Extubation Criteria

A lot of attention is placed on intubations, however extubation of a patient is just as important and requires diligence and preparation in order to avoid complications. Routine extubation at the end of a surgical procedure is generally very safe, but it is reasonable to have back up equipment readily available or know where it is to grab in the case of needing to reintubate. If you go about this process in an organized and systematic manner, you can create a safe scenario for the patient to be transferred to the PACU for remainder of their recovery. Most providers pick up on this process quickly in training and do many of the right moves without thinking about it, but let’s review the steps that go into extubating a patient.


First you must decide if you want to wake the patient up fully (majority of scenarios) or extubate under a deep level of anesthesia. The big benefit of extubating under a deep plane of anesthesia is avoiding coughing which may increase blood pressure, intracranial and intrabdominal pressures, or risk disrupting surgical sutures around the head/neck/chest regions. Saving time is not a good enough reason on it’s own to justify a deep extubation. A patient is still at risk for airway obstruction either from soft tissue collapse or laryngospasm after extubation and needs to be monitored closely. In order to safely perform a deep extubation, ensure that your patient:

  • Has no remaining neuromuscular blockade

  • Had a good airway with an easy intubation

  • Has no increased risk for aspiration

  • Is normothermic with normal vital signs

  • Is breathing with little to no positive pressure support and achieving adequate tidal volumes


Patients who you may not want to perform a deep extubation on include scenarios with:

  • difficult airways/intubations

  • residual neuromuscular blockade

  • COPD

  • Full stomachs (ie. recent food ingestion, pregnant, obese, diabetic patients)

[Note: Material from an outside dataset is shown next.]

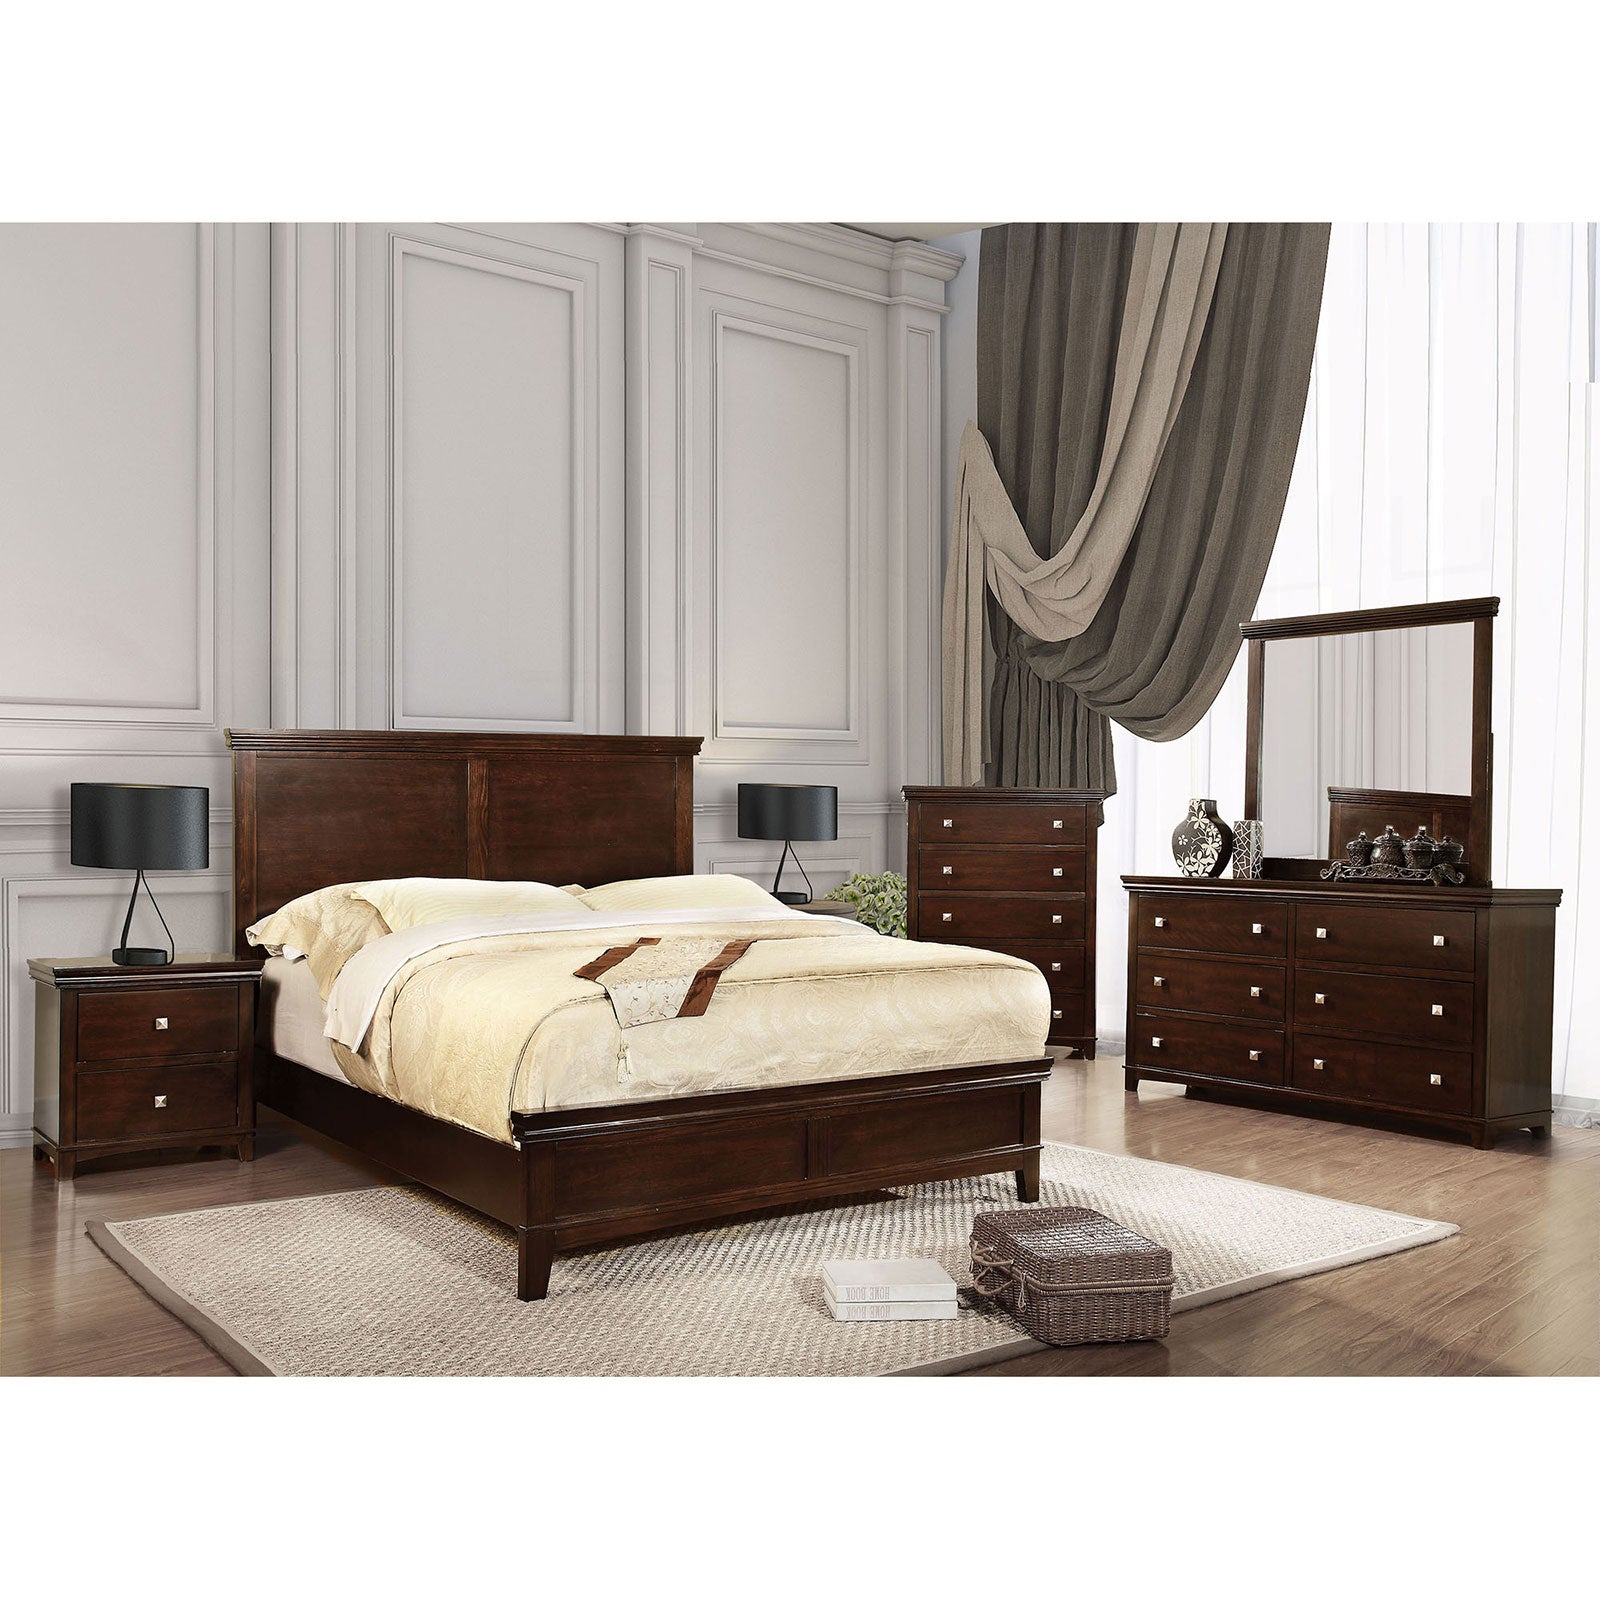 Spruce Brown Cherry 5 Pc. Queen Bedroom Set w/ Chest image
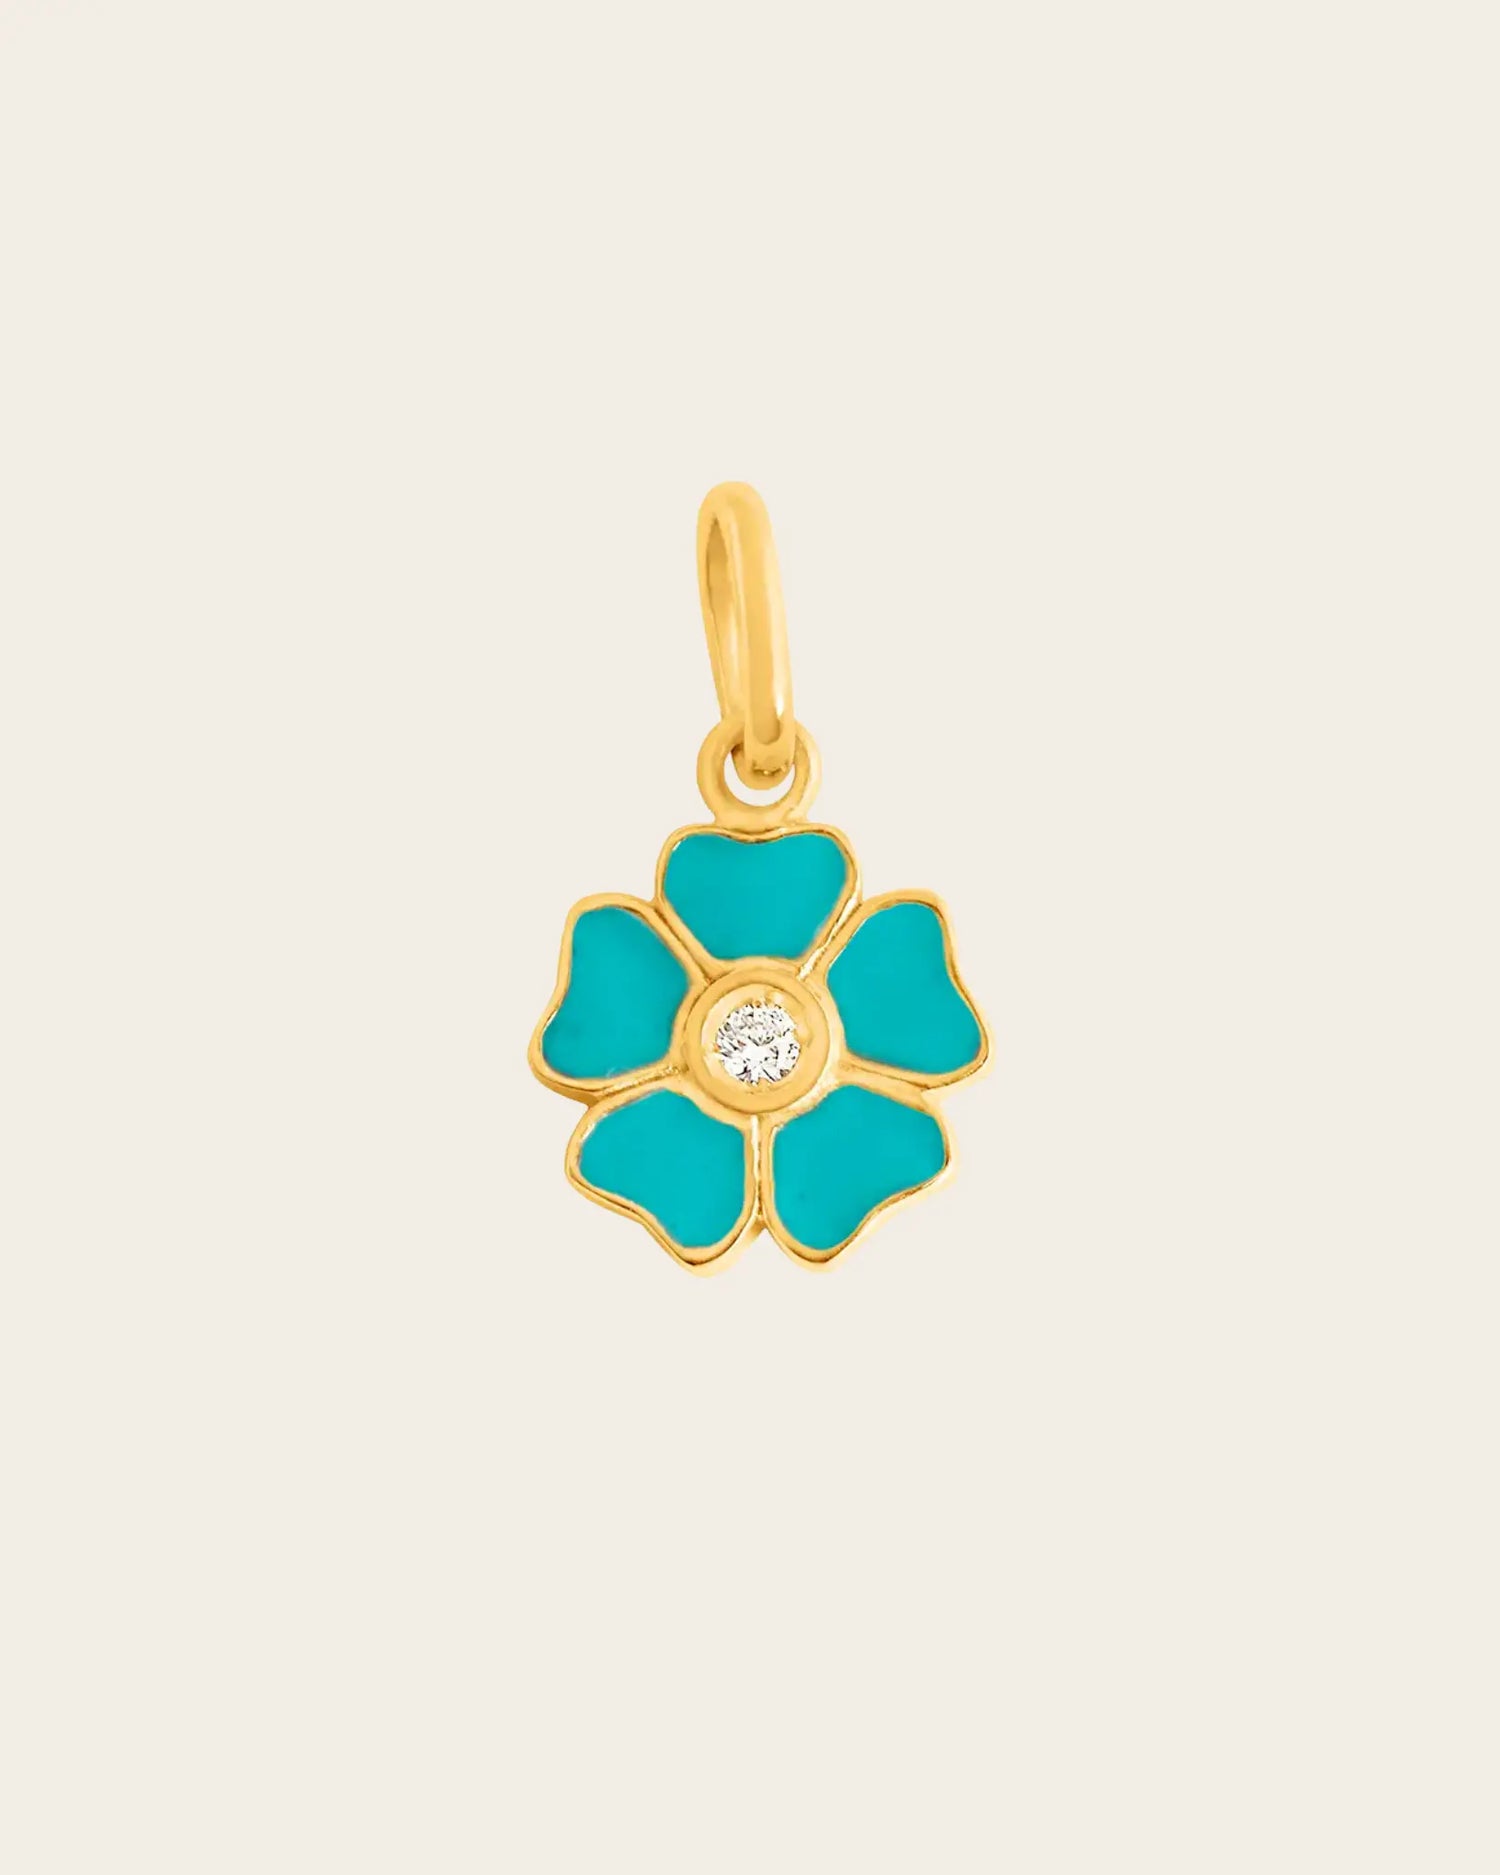 Turquoise Resin Flower Yellow Gold Charm Turquoise Resin Flower Yellow Gold Charm Gigi Clozeau Gigi Clozeau  Squash Blossom Vail

For most patients, you will wake them up fully with little to no anesthetic left in their system. Learning when to discontinue the anesthetic based on the progression of the end of a surgery is an art that gets easier with experience. It is not an on and off switch and waking up a patient requires undivided attention. Here are some of the steps performed during extubation:

  • Discontinue anesthetics

  • Reverse the paralytic or ensure that the paralytic has worn off using a twitch monitor and performing a “train-of-four” (TOF >0.9 is necessary to ensure complete reversal)

  • Place a bite block to avoid having the patient bite on the tube

  • Suctioning out the mouth helps reduce any airway sections that can lead to laryngospasm

  • Coughing ensures a gag-reflex and ability to protect airway

  • Allow the patient to breathe on their own with little to no support from the ventilator with adequate tidal volumes

  • Grimacing, furrowing of eyebrows, and swallowing are signs that the patient is close to being awake

  • Ideally your patient is able to follow commands (ie. open their eyes, squeeze a hand)

  • Sometimes patients can wake up delirious and it is safer to extubate than waiting for them to follow a command


Leaving a patient intubated after a surgical procedure is not an easy decision. It uses resources (ie. ICU bed) and can be stressful for the patient’s family. However, it may be what is safest for the patient at the time. Majority of these situations get better with time and the patient can be extubate in a timely manner. Here are some examples of when to keep your patient intubate after surgery:

  • Unresolved hypoxemia

  • Excessive hypercarbia

  • Hypothermia

  • Residual neuromuscular blockade (ie. Pseudocholinesterase deficiency)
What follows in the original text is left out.